This is a theory applicable to agrarian societies and it seems to be pretty well fit into real historical data. The core idea is somewhat Malthusian, connecting growth population to development cycles of society. In short most of conditions depend on ratio of available natural resources to population. The cycle goes through several stages:
1. Expansion – population is small and there is enough arable land to feed it well. It results in population and society growth until it hit some natural o human barrier – borders of powerful neighbor, or geographical limits like oceans.
2. Stagnation starts when the limit achieved and there is no place to expand. Long period of stability with slowly declined quality of life follows for a while.
3. This stagnation period ends by decline usually not expected and quite dramatic often connected to epidemics of contagious disease, or invasion, or some other cataclysm that dramatically decrease population and changes structure of society to some new form in which the cycle starts from the beginning.
The book reviews in details 8 such cycles:
2 for England – Plantagenet cycle (1150-1485) and Tudor-Stuart (1485- 1730)

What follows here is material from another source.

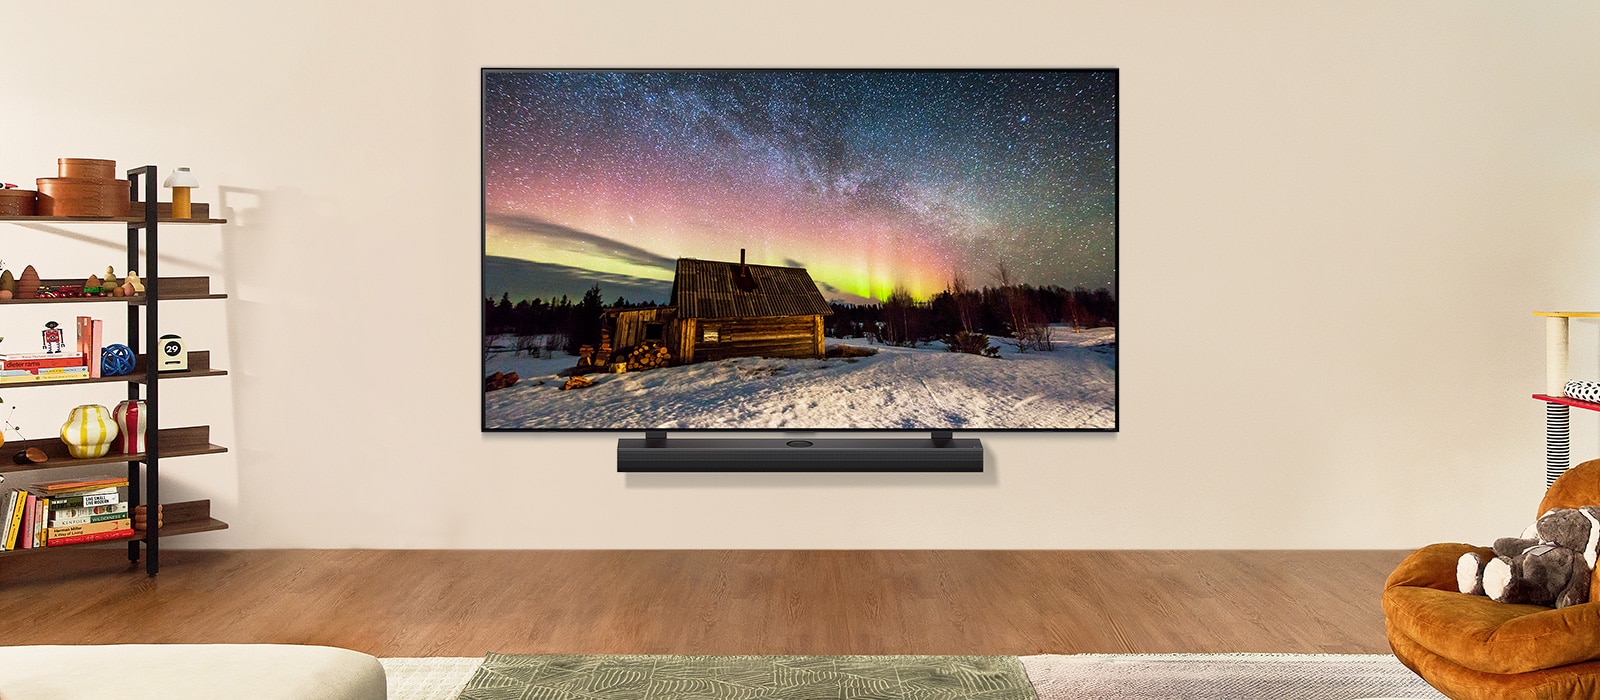 Le téléviseur de LG et la barre de son de LG dans une pièce moderne pendant le jour. Une image d'aurores boréales s’affiche à l'écran avec les niveaux de luminosité idéaux.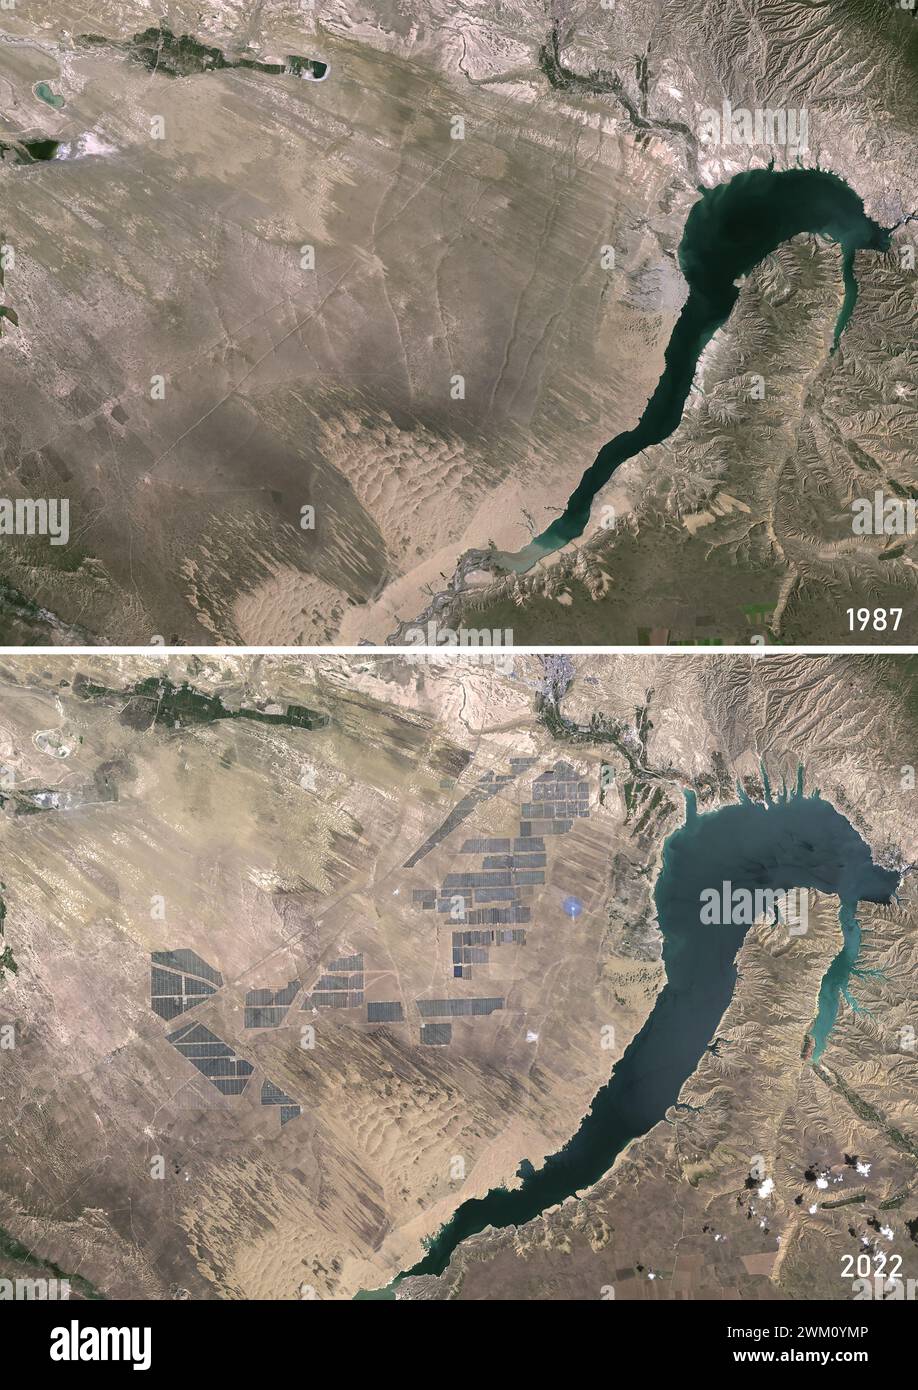 Immagine satellitare a colori del bacino idrico della diga di Longyangxia nel 1987 e del Longyangxia Dam Solar Park nel 2022, che è rapidamente cresciuto a nord del bacino idrico. Il sito si trova nella provincia occidentale cinese del Qinghai. Foto Stock

2 for France – Capetian Cycle (1150-1450) and Valois (1450-1660)
2 for Rome – Republican Cycle (350-30 BCE) and Principate (30 BCE – 285 CE)
2 for Russian – Muscovy Cycle (1460-1620) and Romanovs (1620-1922)
All cycles last between 200 and 350 years and include stages of Expansion, Stagflation, Crisis and Disintegration.
Very interesting is discussion for each cycle of elite’s structure and behavior. It looks like one of necessary condition of disintegration in addition to unsustainable level of population is break down of elite into warring parties of approximately equal strength so nobody can achieve decisive victory until society disintegration is completed and it is ready for the new cycle.
I guess it looks like we are now at similar point, though our society is not agrarian and our elite seems to be not that keen on killing each other, it is rather fight on paper and in the voting booth. However I think outcome of the fight will be a new cycle of reformed society, only this time without population decrease.
We stumbled over here by a different web page and thought I
might check things out. I like what I see so now i’m following you.
Look forward to looking at your web page again.
I read this piece of writing fully concerning the difference of most up-to-date and previous technologies, it’s amazing article.